Solution of General Form of Linear Differential Equations (LDE)

Linear Differential Equations (LDEs) are a class of differential equations that are linear in the unknown function and its derivatives. The general form of an nth-order LDE can be written as:

$$ a_n(x)\frac{d^n y}{dx^n} + a_{n-1}(x)\frac{d^{n-1} y}{dx^{n-1}} + \cdots + a_1(x)\frac{dy}{dx} + a_0(x)y = g(x) $$

where $y$ is the unknown function of $x$, $a_0(x), a_1(x), \ldots, a_n(x)$ are coefficient functions of $x$, and $g(x)$ is the non-homogeneous term. If $g(x) = 0$, the equation is called homogeneous; otherwise, it is non-homogeneous.

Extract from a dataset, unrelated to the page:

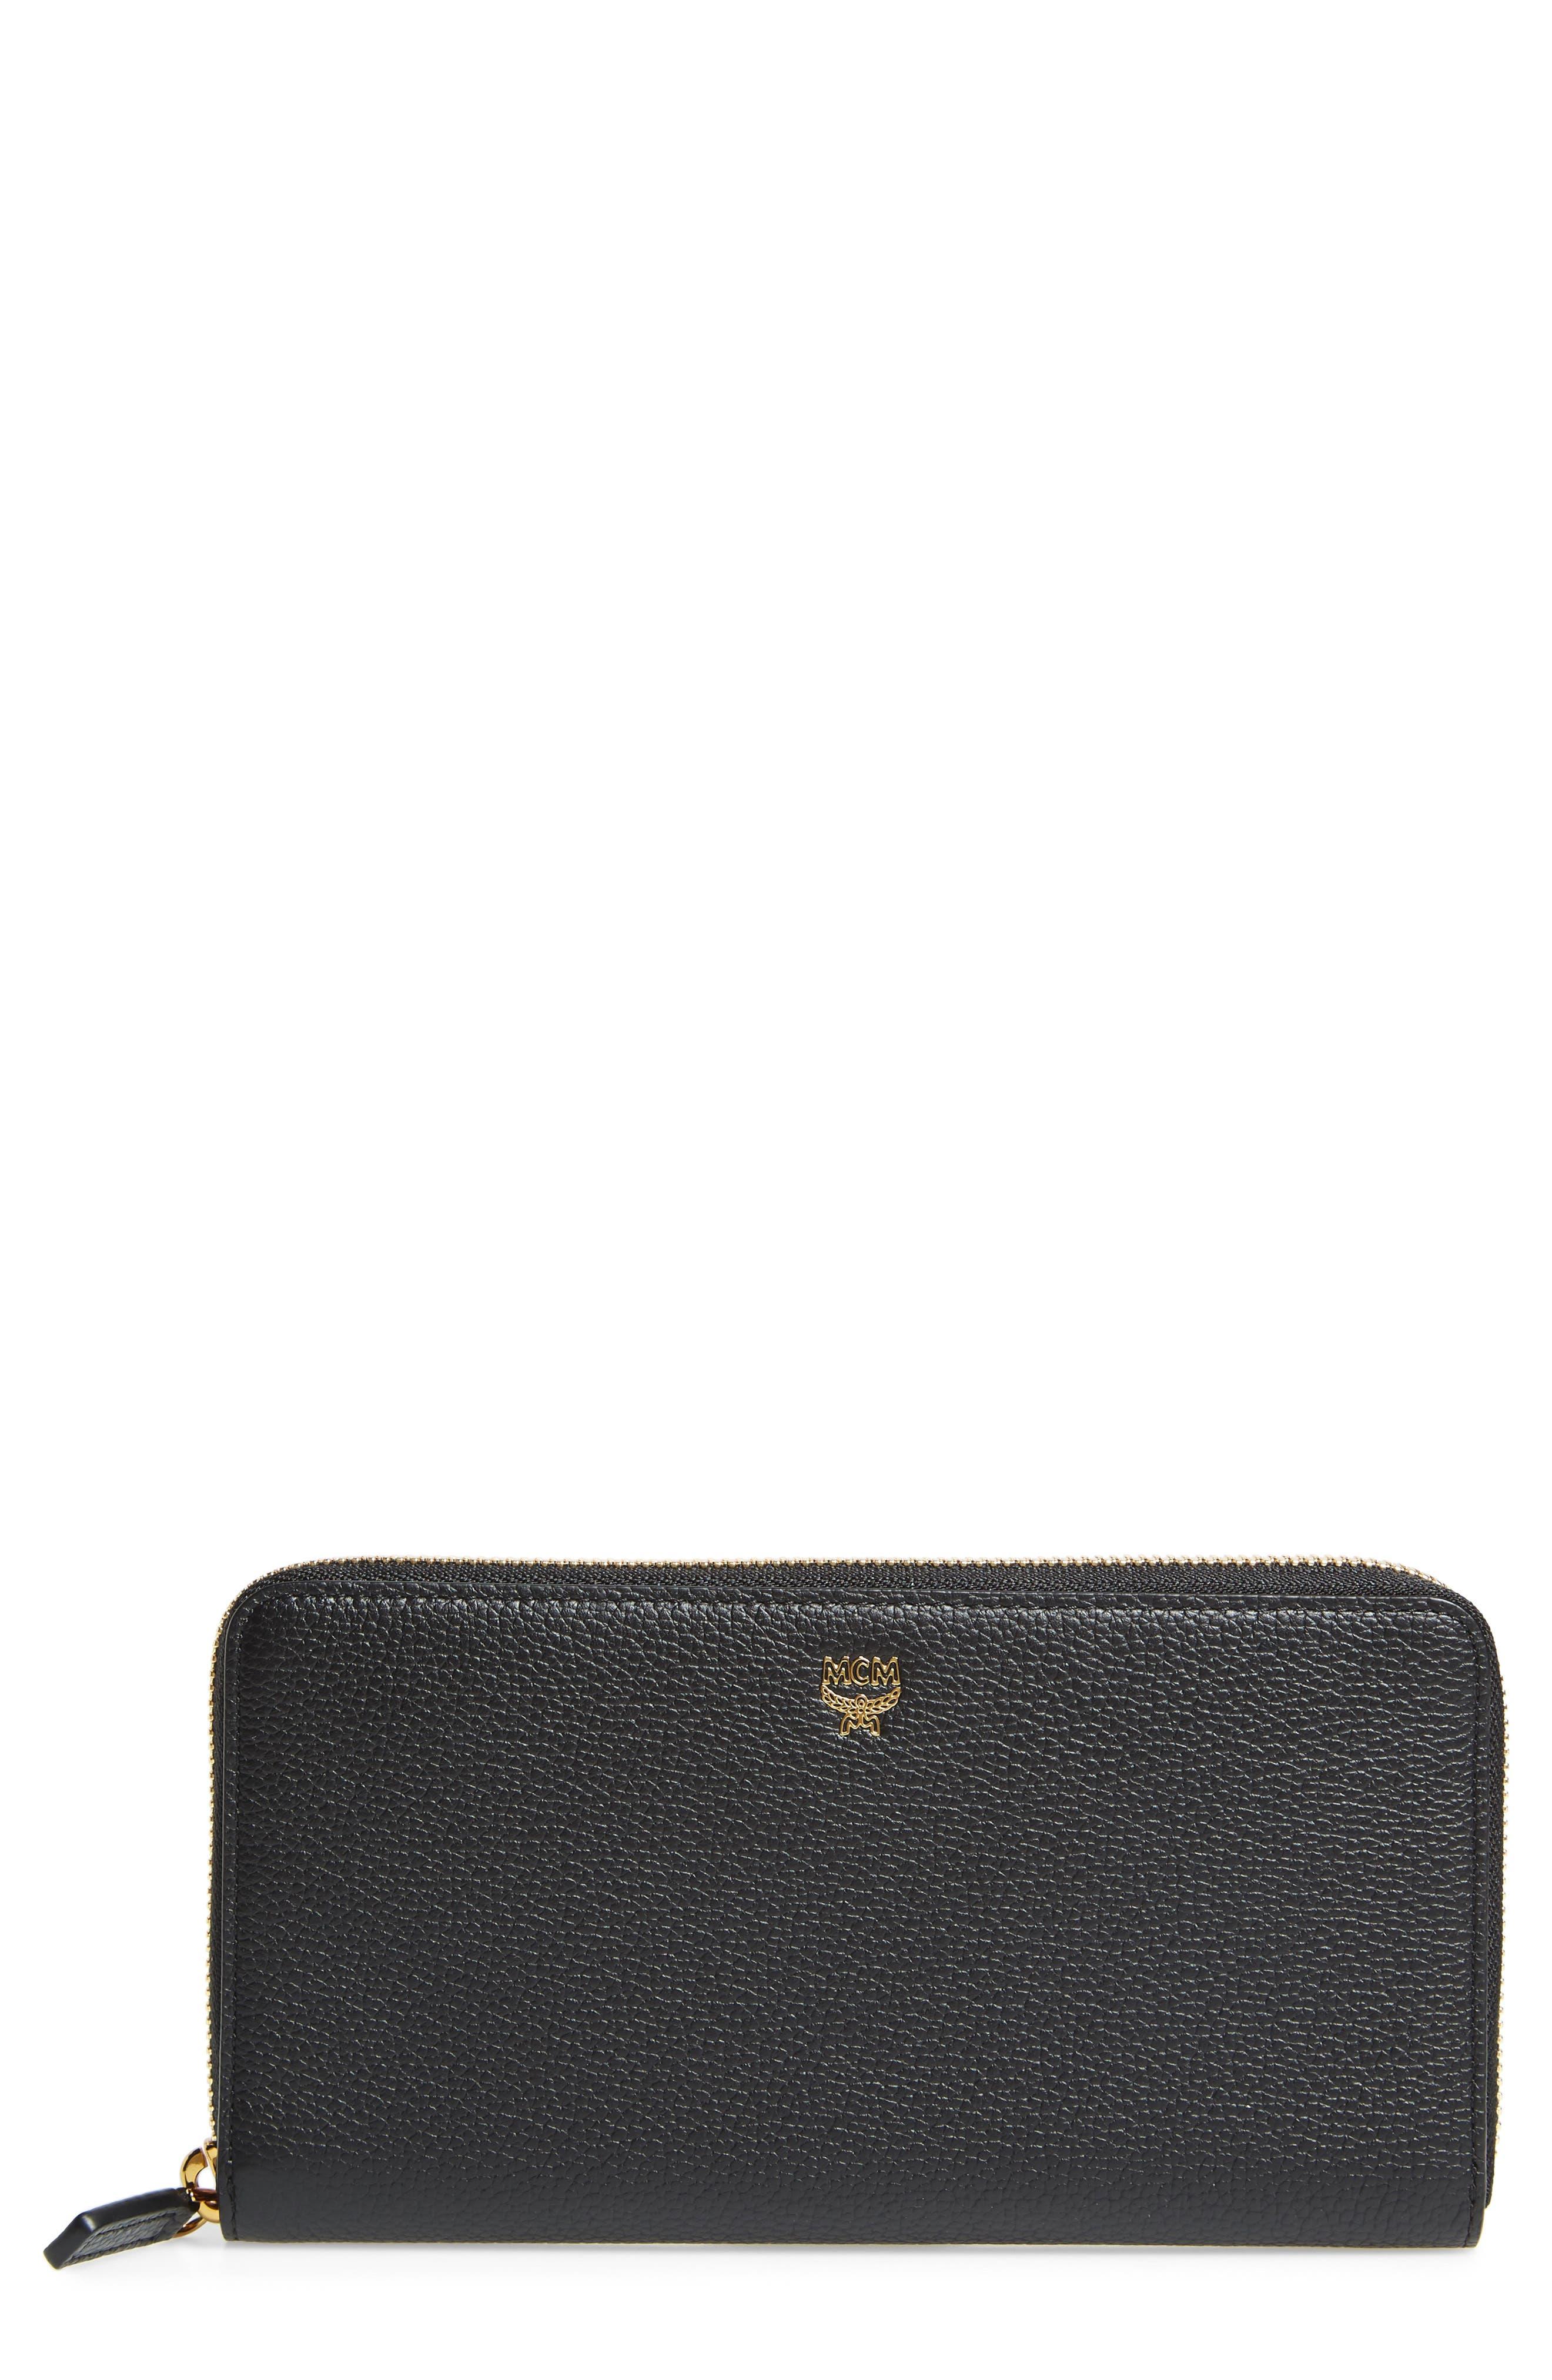 Main Image - MCM Large Milla Zip-Around Leather Wallet

Homogeneous vs Non-Homogeneous LDEs

Aspect	Homogeneous LDE	Non-Homogeneous LDE
General Form	$L[y] = 0$	$L[y] = g(x)$
Non-Homogeneous Term	$g(x) = 0$	$g(x) \neq 0$
Principle of Superposition	Yes	No
Solution Structure	Composed of complementary function (CF) only	Composed of CF and particular solution (PS)

Solution Method for Homogeneous LDEs

For a homogeneous LDE, the solution is called the complementary function (CF) and is obtained by solving the characteristic equation. The characteristic equation is derived by substituting $y = e^{rx}$ into the homogeneous LDE and simplifying.

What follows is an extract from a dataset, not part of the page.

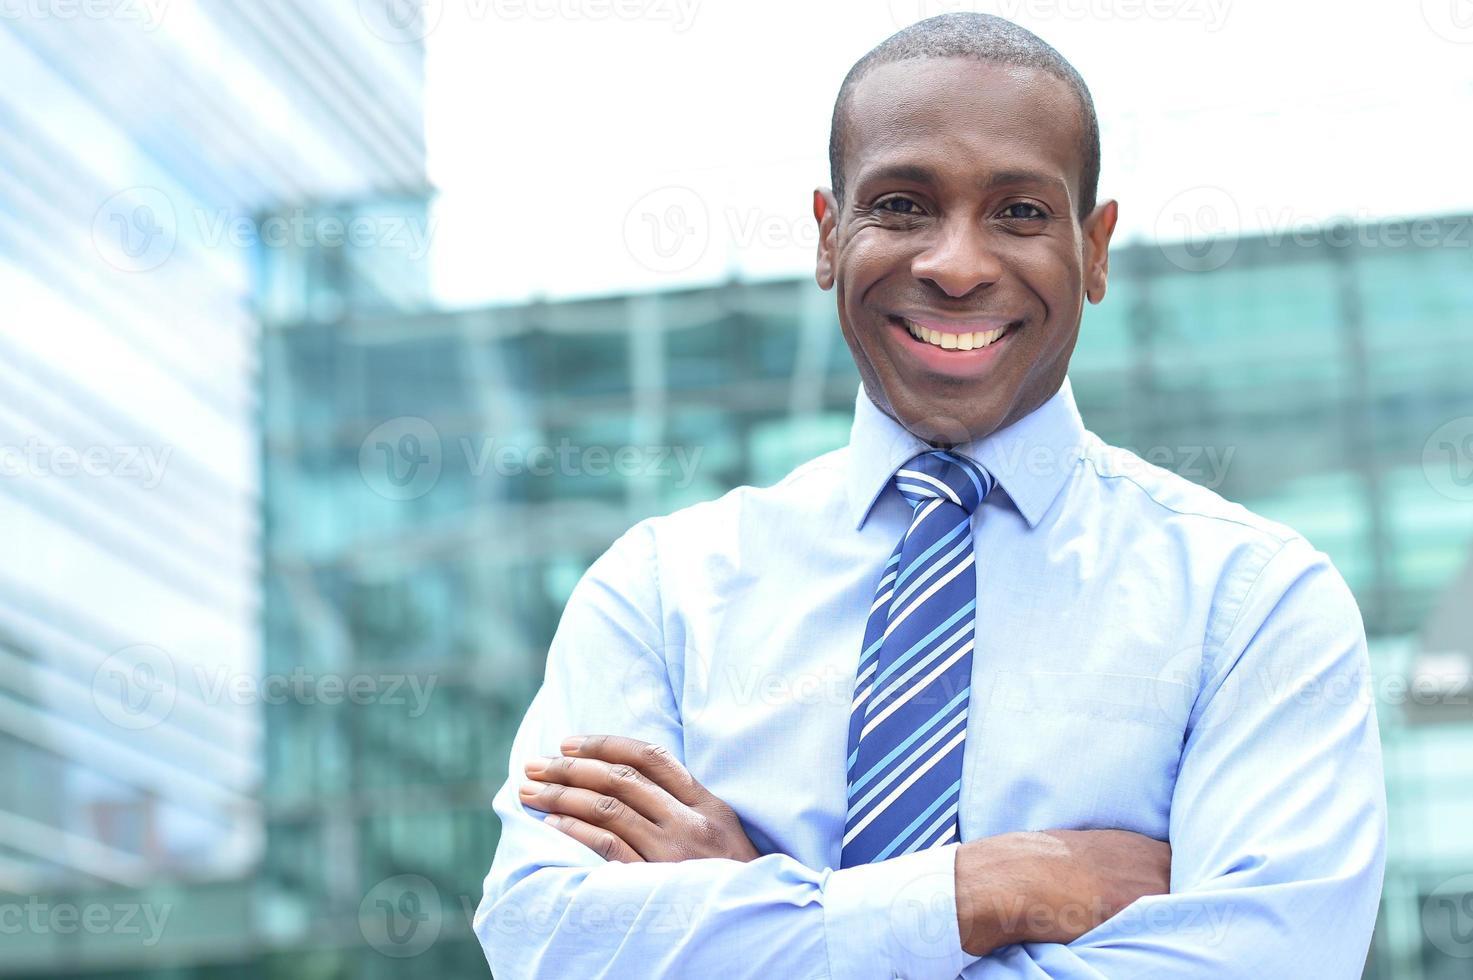 dirigente maschio sorridente all'aperto foto

Example: Second-Order Homogeneous LDE

Consider the second-order homogeneous LDE:

$$ a_2(x)\frac{d^2 y}{dx^2} + a_1(x)\frac{dy}{dx} + a_0(x)y = 0 $$

The characteristic equation is:

$$ a_2r^2 + a_1r + a_0 = 0 $$

Solving this quadratic equation for $r$ gives the roots, which determine the form of the CF:

• If roots are real and distinct, $r_1$ and $r_2$, then $CF = C_1e^{r_1x} + C_2e^{r_2x}$
• If roots are real and repeated, $r_1 = r_2 = r$, then $CF = (C_1 + C_2x)e^{rx}$
• If roots are complex, $r = \alpha \pm \beta i$, then $CF = e^{\alpha x}(C_1\cos(\beta x) + C_2\sin(\beta x))$

Solution Method for Non-Homogeneous LDEs

For a non-homogeneous LDE, the solution consists of two parts: the complementary function (CF) and the particular solution (PS). The CF is the solution to the corresponding homogeneous equation, while the PS is a specific solution that satisfies the non-homogeneous term.

Finding the Particular Solution

The method of undetermined coefficients or the method of variation of parameters can be used to find the PS.

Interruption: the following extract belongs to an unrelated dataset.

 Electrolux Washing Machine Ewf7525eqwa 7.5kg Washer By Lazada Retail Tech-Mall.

Method of Undetermined Coefficients

This method is applicable when $g(x)$ is a polynomial, exponential, sine, cosine, or a combination of these. The form of the PS is guessed based on the form of $g(x)$, and coefficients are determined by substituting the PS into the LDE and equating coefficients.

Method of Variation of Parameters

This method is more general and can be used when the method of undetermined coefficients is not applicable. It involves finding functions $u_1(x), u_2(x), \ldots, u_n(x)$ such that:

$$ y_p = u_1y_1 + u_2y_2 + \cdots + u_ny_n $$

where $y_1, y_2, \ldots, y_n$ are solutions to the corresponding homogeneous equation. The functions $u_1(x), u_2(x), \ldots, u_n(x)$ are found by solving a system of equations derived from the original LDE.

Example: Second-Order Non-Homogeneous LDE

Consider the second-order non-homogeneous LDE:

$$ a_2(x)\frac{d^2 y}{dx^2} + a_1(x)\frac{dy}{dx} + a_0(x)y = g(x) $$

The solution is $y = CF + PS$, where CF is found as described above, and PS is found using one of the methods mentioned.

Summary

The solution of a general form of LDE involves the following steps:

1. Determine if the LDE is homogeneous or non-homogeneous.
2. For a homogeneous LDE, find the CF by solving the characteristic equation.
3. For a non-homogeneous LDE, find the CF and then determine the PS using an appropriate method.
4. The general solution is the sum of CF and PS for non-homogeneous LDEs.

Understanding the solution process for LDEs is crucial for solving a wide range of problems in mathematics, physics, engineering, and other fields where differential equations model dynamic systems.